Here are the current user titles:

DBSTalk Lurker (Minimum Posts: 0)
DBSTalk Member (Minimum Posts: 10) 
DBSTalk Mentor (Minimum Posts: 30)
DBSTalk AllStar (Minimum Posts: 50)
DBSTalk Legend (Minimum Posts: 100)
DBSTalk Godfather (Minimum Posts: 250)
DBSTalk Icon (Minimum Posts: 500)
DBSTalk Hall Of Fame (Minimum Posts: 1000) 

Over 1500 posts allows user to pick his own title.


----------



## Mark Holtz (Mar 23, 2002)

So, where does that place me?


----------



## Geronimo (Mar 23, 2002)

It would seem to place you 8 posts away from being an Icon.


----------



## Steve Mehs (Mar 21, 2002)

Which is what you will now be Geronimo, sorry your title wasnt updated sooner


----------



## jrjcd (Apr 23, 2002)

now let's see--where was i????i only need....
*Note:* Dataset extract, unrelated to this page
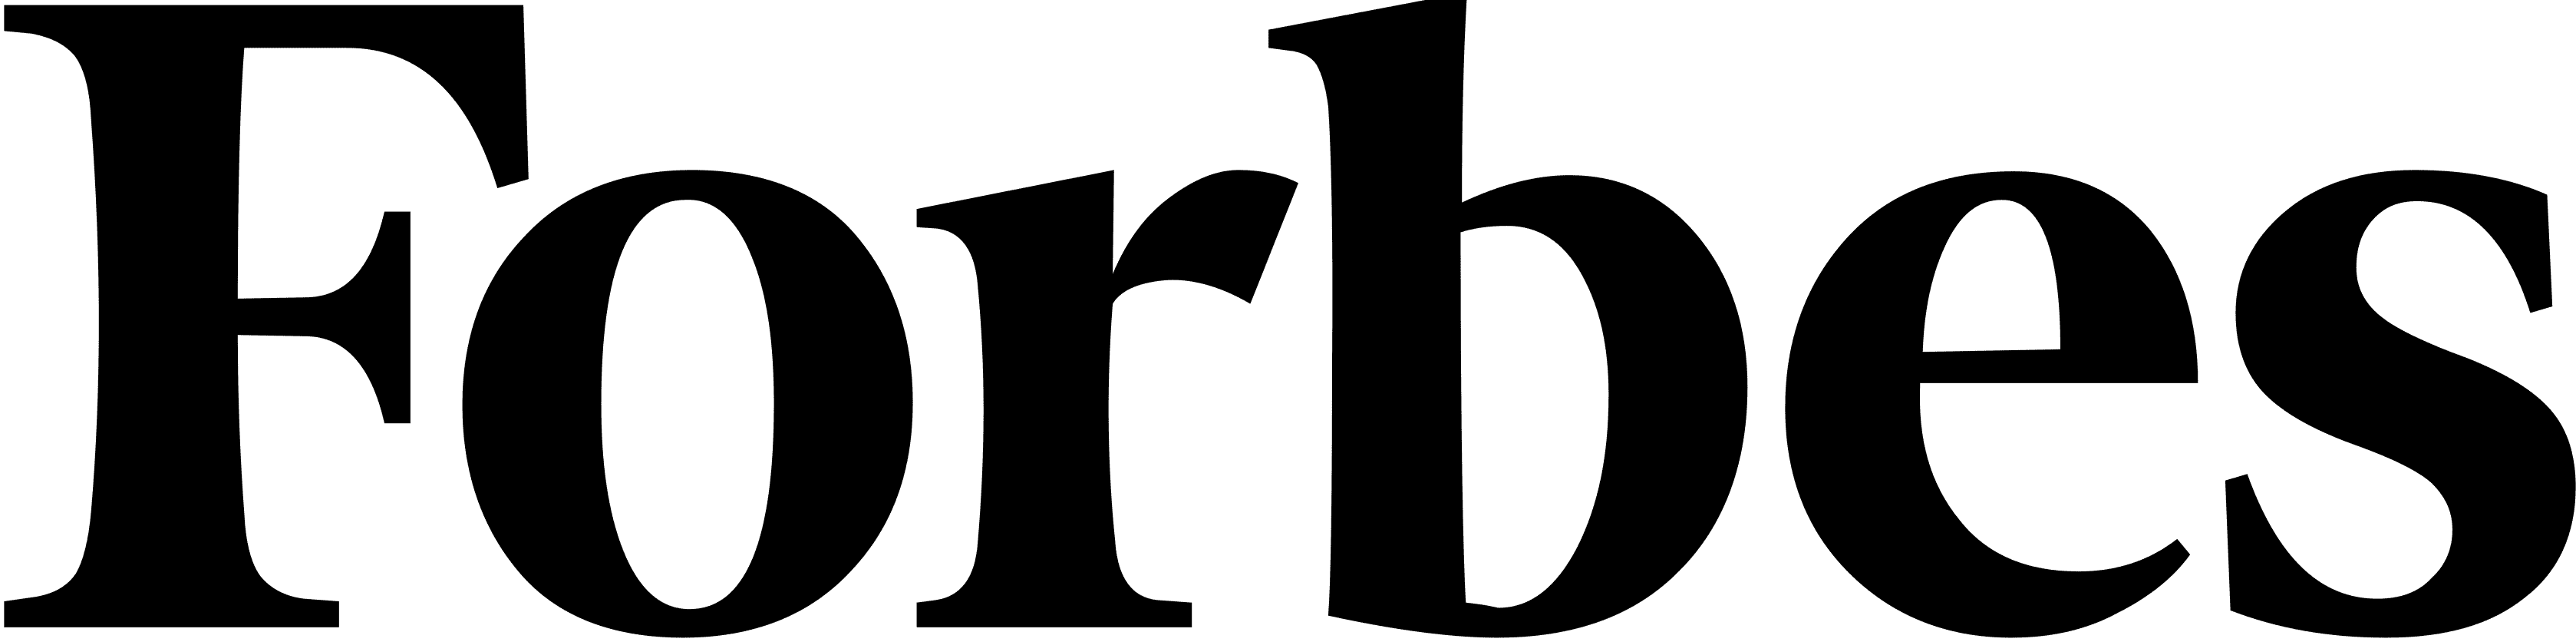 Forbes-logo_crop

JUST KIDDING, JUST KIDDING!!!!!!


----------



## Geronimo (Mar 23, 2002)

Don't worry about it Steve. Thanks but it makes no real difference to me----so long as you don't tell me I have to use my real name. LOL.


----------



## Steve Mehs (Mar 21, 2002)

lol Your Welcome


----------



## James_F (Apr 23, 2002)

What are you talking about Peter???


----------



## Darkman (Apr 16, 2002)

haha - i was shocked to notice Post Count being back on 
So had to come here to this section of Forum - to find out what's up...
Didn't think them ever come back..after all the noise - lol


----------



## Nick (Apr 23, 2002)

_"What are you talking about Peter???
"_

Apparently, an oblique reference to when the other place started requiring "real" names.


----------



## Geronimo (Mar 23, 2002)

I think James got it. But he was being subtle. Maybe a little too subtle for some.


----------



## James_F (Apr 23, 2002)

That my problem. I'm too subtle and my wife has to hit me over the head with a frying pan for me to understand something... :shrug:


----------



## Nick (Apr 23, 2002)

James, congrats on achieving 1.500 posts. I have read every one of them with interest. 

It is now time for you to come up with your very own uniquely clever custom title. 

Your fans await...


----------